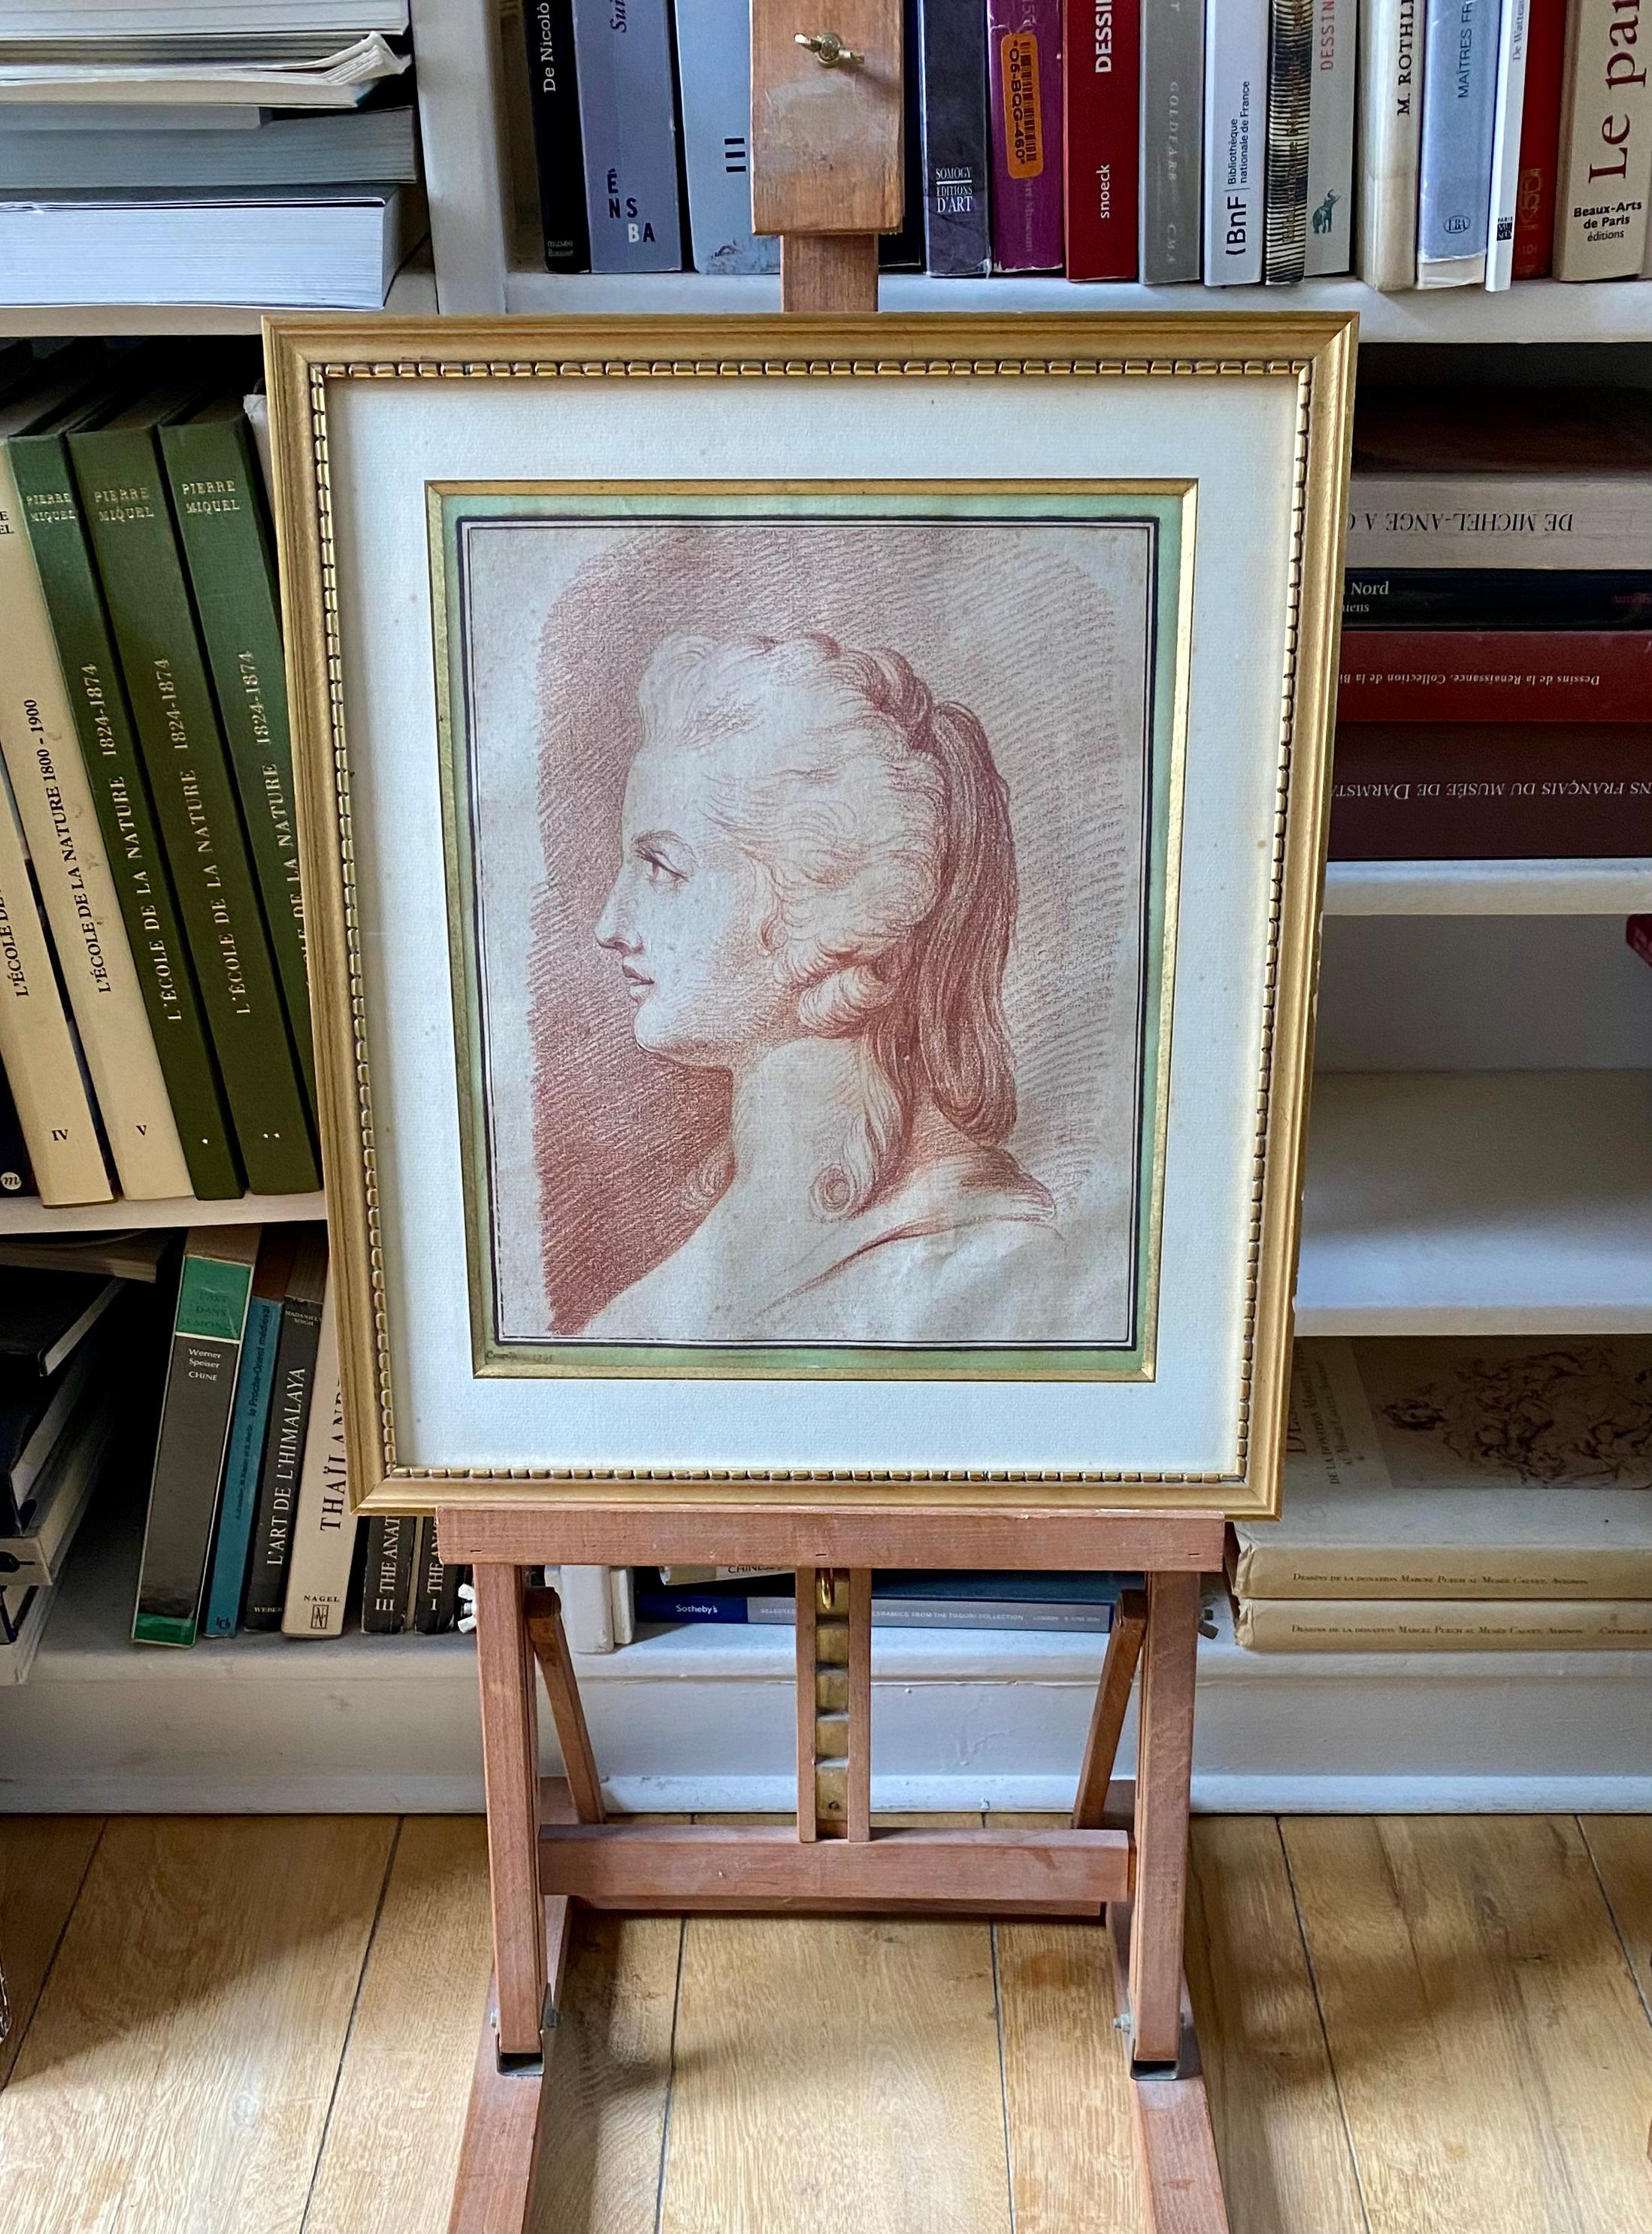 Nicolas-André COURTOIS
Paris 1734-1806

Büste einer Frau im Profil
1791
Sanguinisch
Signiert und datiert unten links auf dem Originalpassepartout
43,5 x 37 cm gerahmt
19 x 25 cm
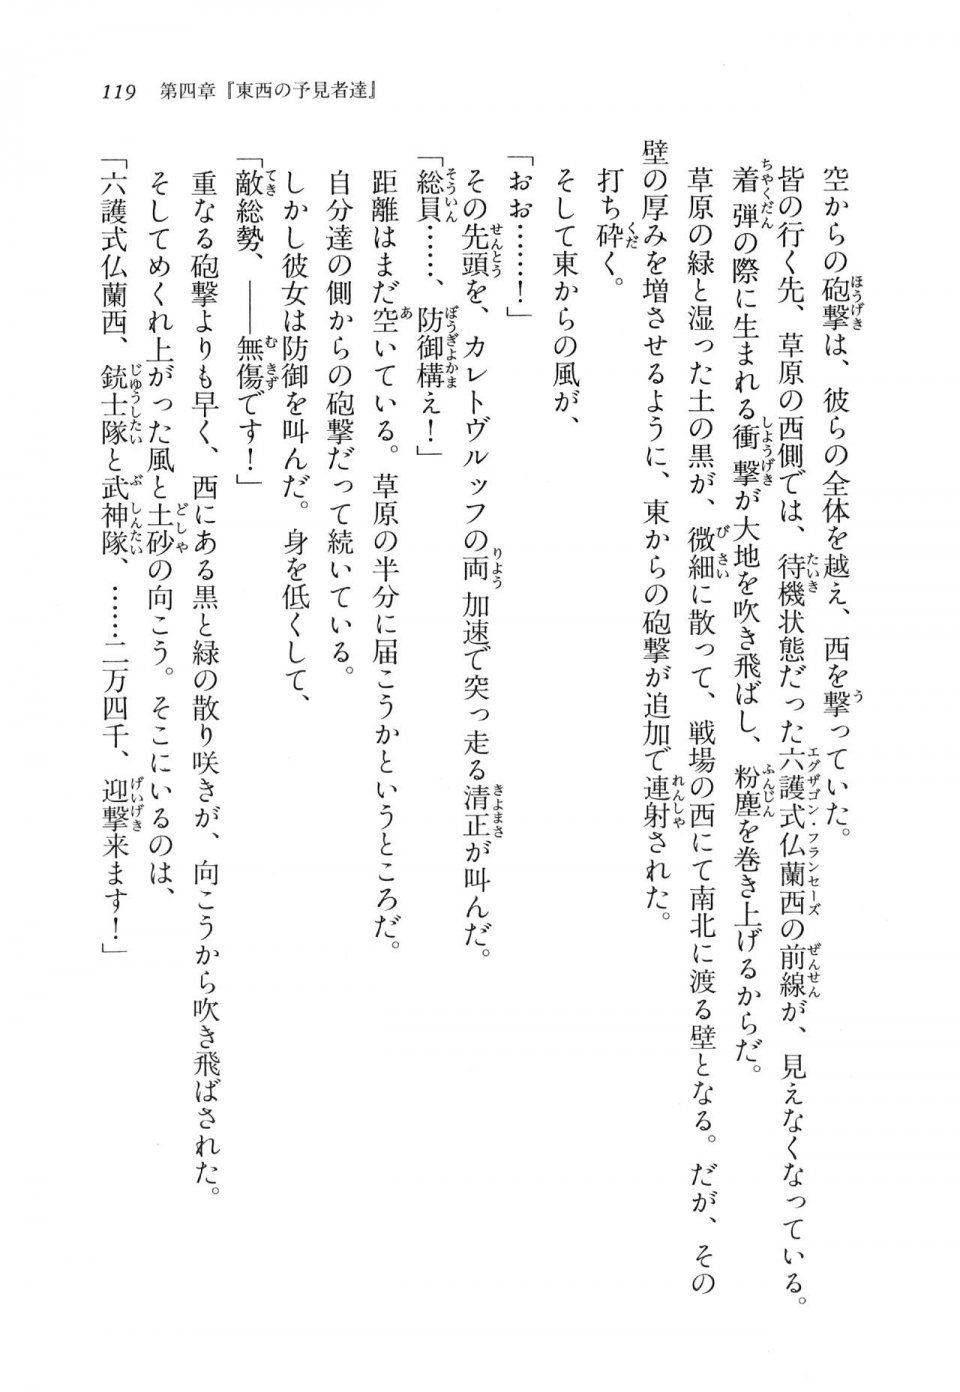 Kyoukai Senjou no Horizon LN Vol 11(5A) - Photo #119
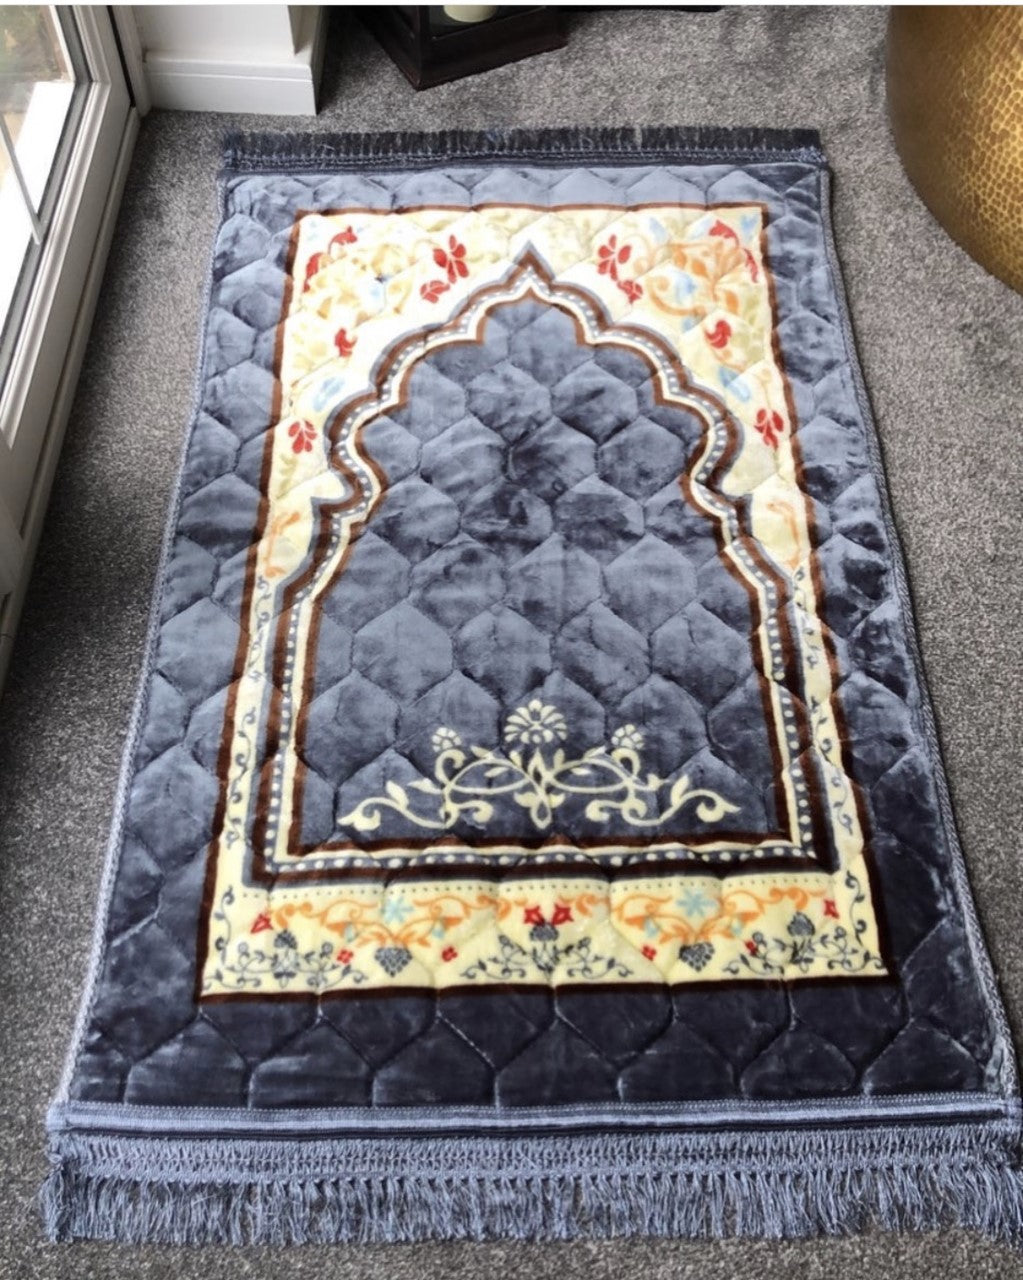 Prayerrug, Modern Rug, Modern Mat, Prayer Rug, Large XL Personalised Prayer  Mat, Muslim Prayer Rug, Islamic Gift, Anti Slip Backing,musallah 
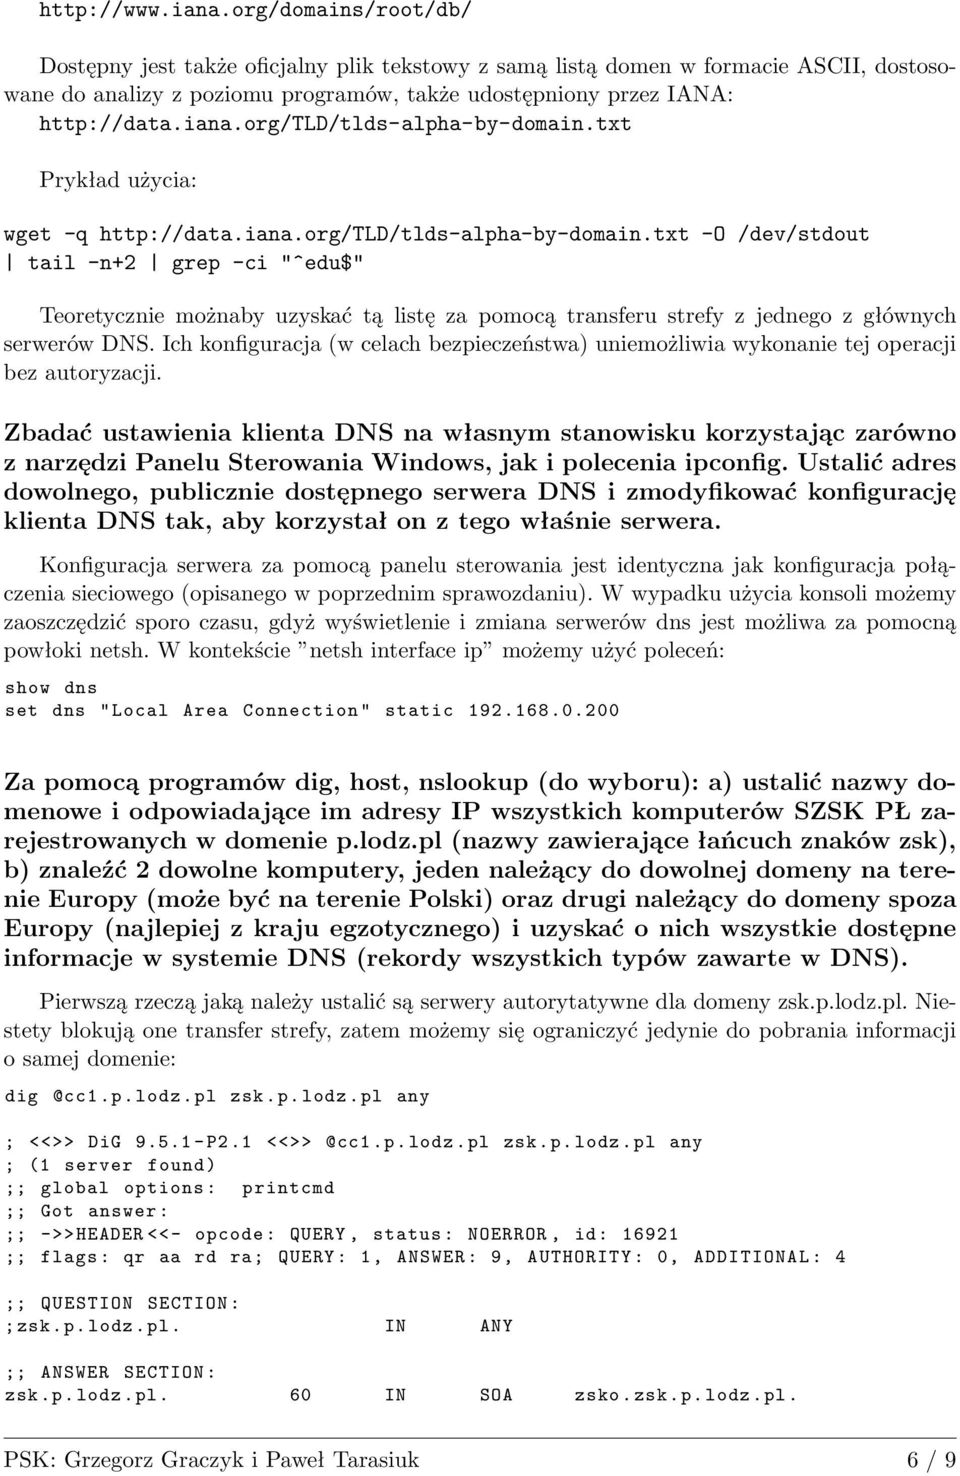 org/tld/tlds-alpha-by-domain.txt Prykład użycia: wget -q http://data.iana.org/tld/tlds-alpha-by-domain.txt -O /dev/stdout tail -n+2 grep -ci "^edu$" Teoretycznie możnaby uzyskać tą listę za pomocą transferu strefy z jednego z głównych serwerów DNS.

### Task statement:
Reproduce, word for word, everything in the listing above from the line containing "Signiert und datiert" down to the line containing "Prayerrug, Modern Rug, Modern", both of them included. No pictures.

### Written response:
Signiert und datiert unten links auf dem Originalpassepartout
43,5 x 37 cm gerahmt
19 x 25 cm
 Kyoukai Senjou no Horizon LN Vol 11(5A) - Photo #119
 Prayerrug, Modern Rug, Modern Mat, Prayer Rug, Large XL Personalised Prayer  Mat, Muslim Prayer Rug, Islamic Gift, Anti Slip Backing,musallah 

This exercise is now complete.